With a voice that defined the sound of country music in the 1960’s and beyond, Virginia Pugh – or as Producer Billy Sherrill christened her Tammy Wynette – had a catch in her voice that always seemed to be holding back the tears. Whether in joyous acclamation or dark despair Wynette could take the listener on a two minute journey that turned even the most banal lyrics into a gripping narrative.
Seen through the prism of today’s social and moral attitudes, kitchen sink vignettes like ‘Ways To Love A Man’ and ‘Enough Of A Woman’ hark back to a time when the conservative values of Middle America still held sway. There was no question of burning your bra for many housewives during the Kennedy era though and these recordings unwittingly document a time of quiet desperation for many women. That said there’s a dignity in Wynette’s delivery that tells of the years she experienced poverty, hard work and the life of a single mother after her first marriage dissolved.
These recordings certainly struck a chord with her public; ‘The Ways to Love a Man’ and ‘Tammy’s Touch’ were amongst Tammy’s best-selling albums, both staying in the charts for more than half a year each. Her first number one ‘Elusive Dreams’ – a duet with country legend David Houston is also included along with her much underrated ‘Inspirations’ album which features a stupendous version of ‘You’ll Never Walk Alone’ a personal favourite of hers and to my mind packed with vocal performances she never bettered.

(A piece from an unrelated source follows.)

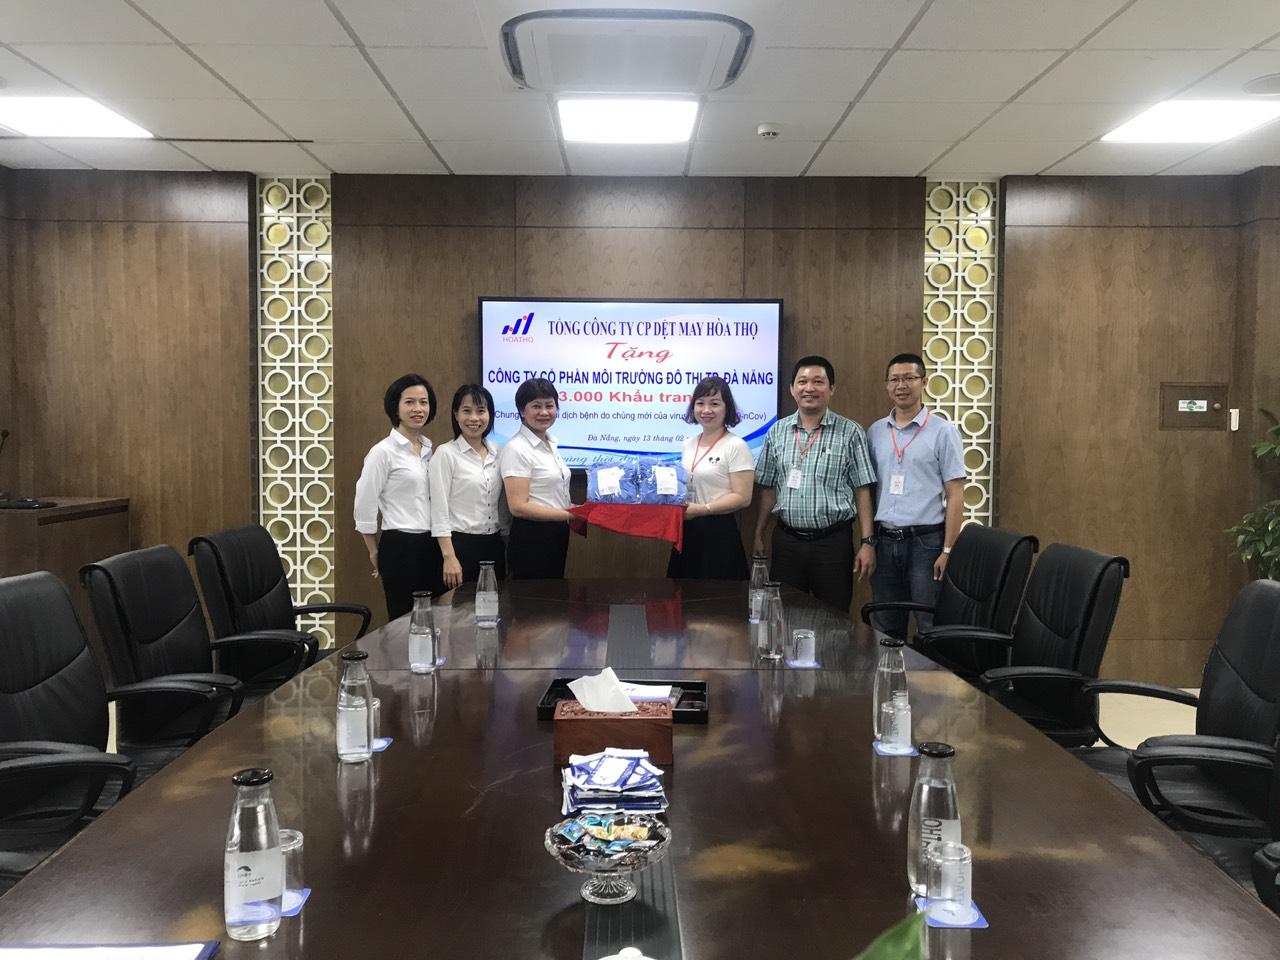 Vinatex thành lập Chi nhánh Tập đoàn Dệt May Việt Nam tại Tp. HCM
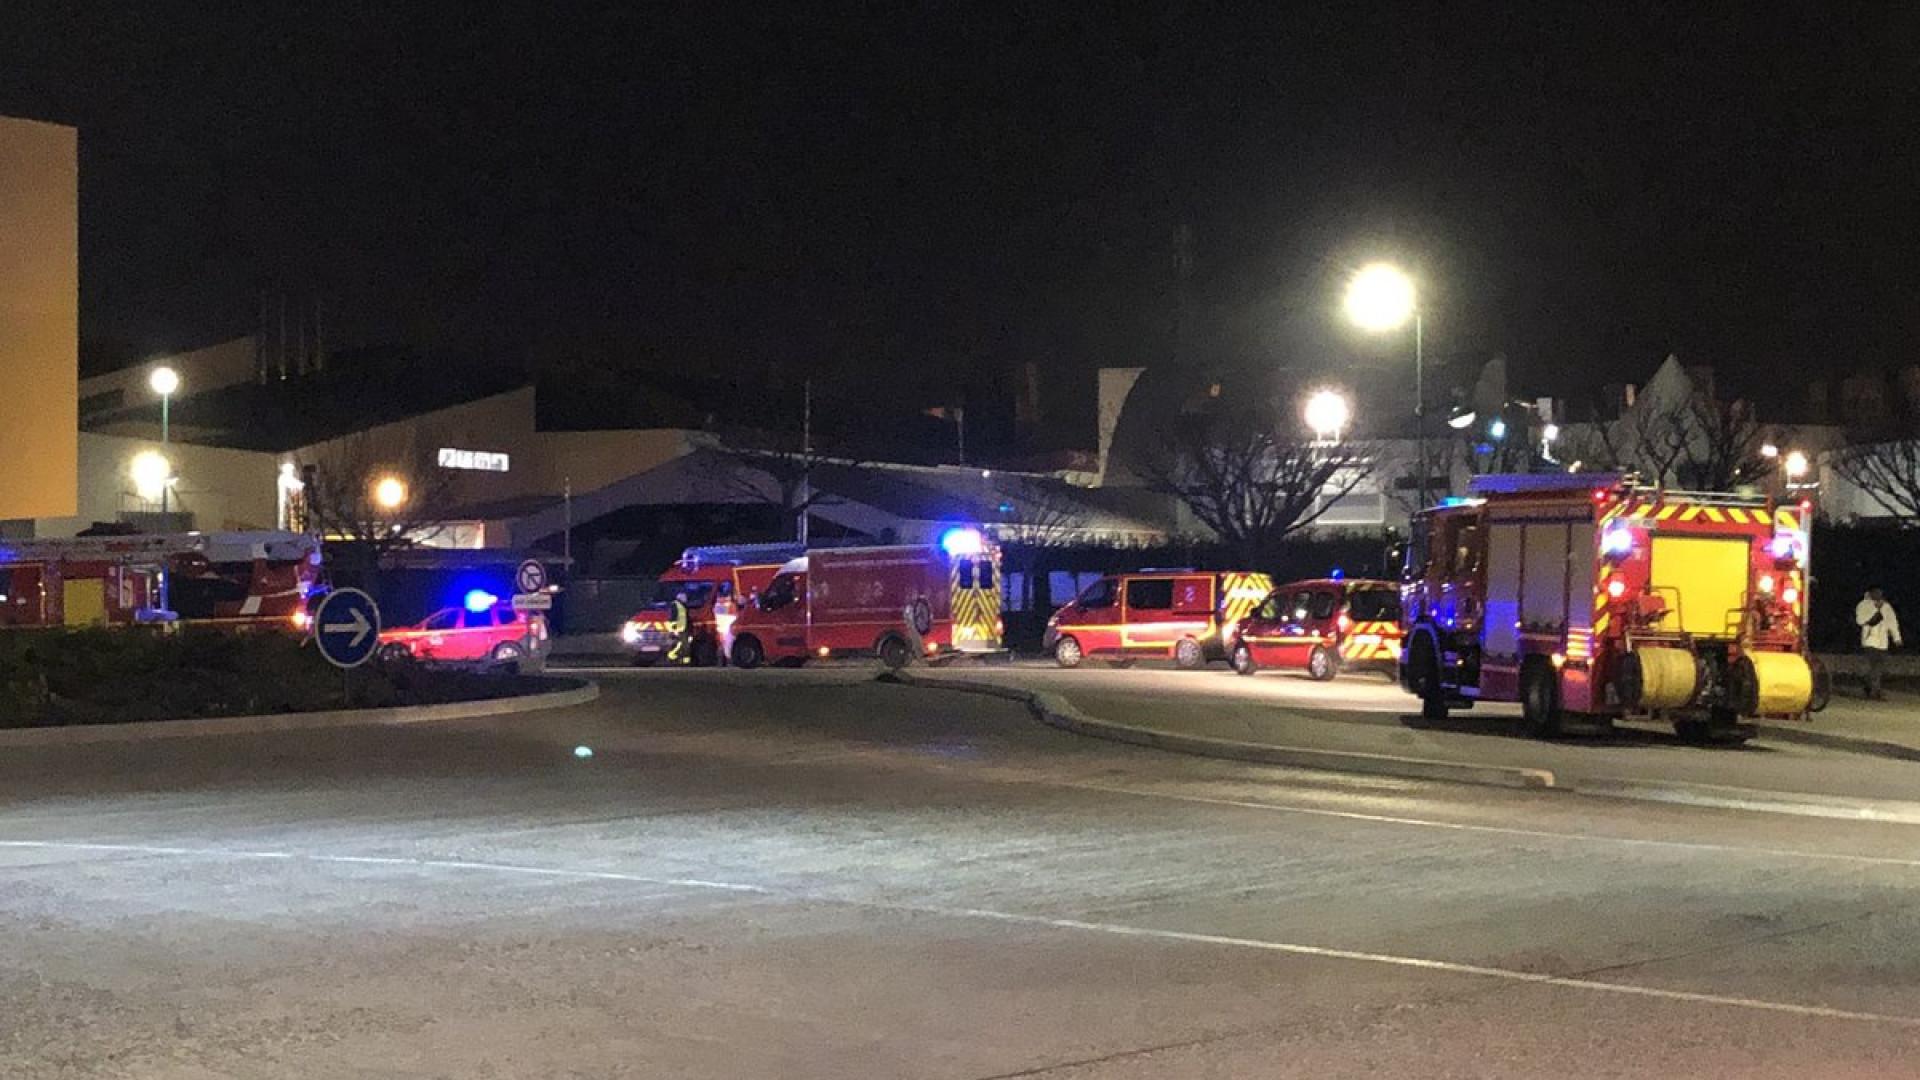 Disney em Paris é evacuada após boatos de explosão e tiros

In a sense, though she had no social or political slant this was a period of emancipation for the girl from Alabama. In 2010, “Stand By Your Man” was chosen by the Library of Congress for inclusion in the National Recording Registry, for being a song that is “culturally, historically, or aesthetically significant.” ‘I guess I just enjoy being a woman,’ she once said. These songs demonstrate that she was one of a kind. Tragically she died at the age of just 55 and didn’t live to see it but her legacy lives on.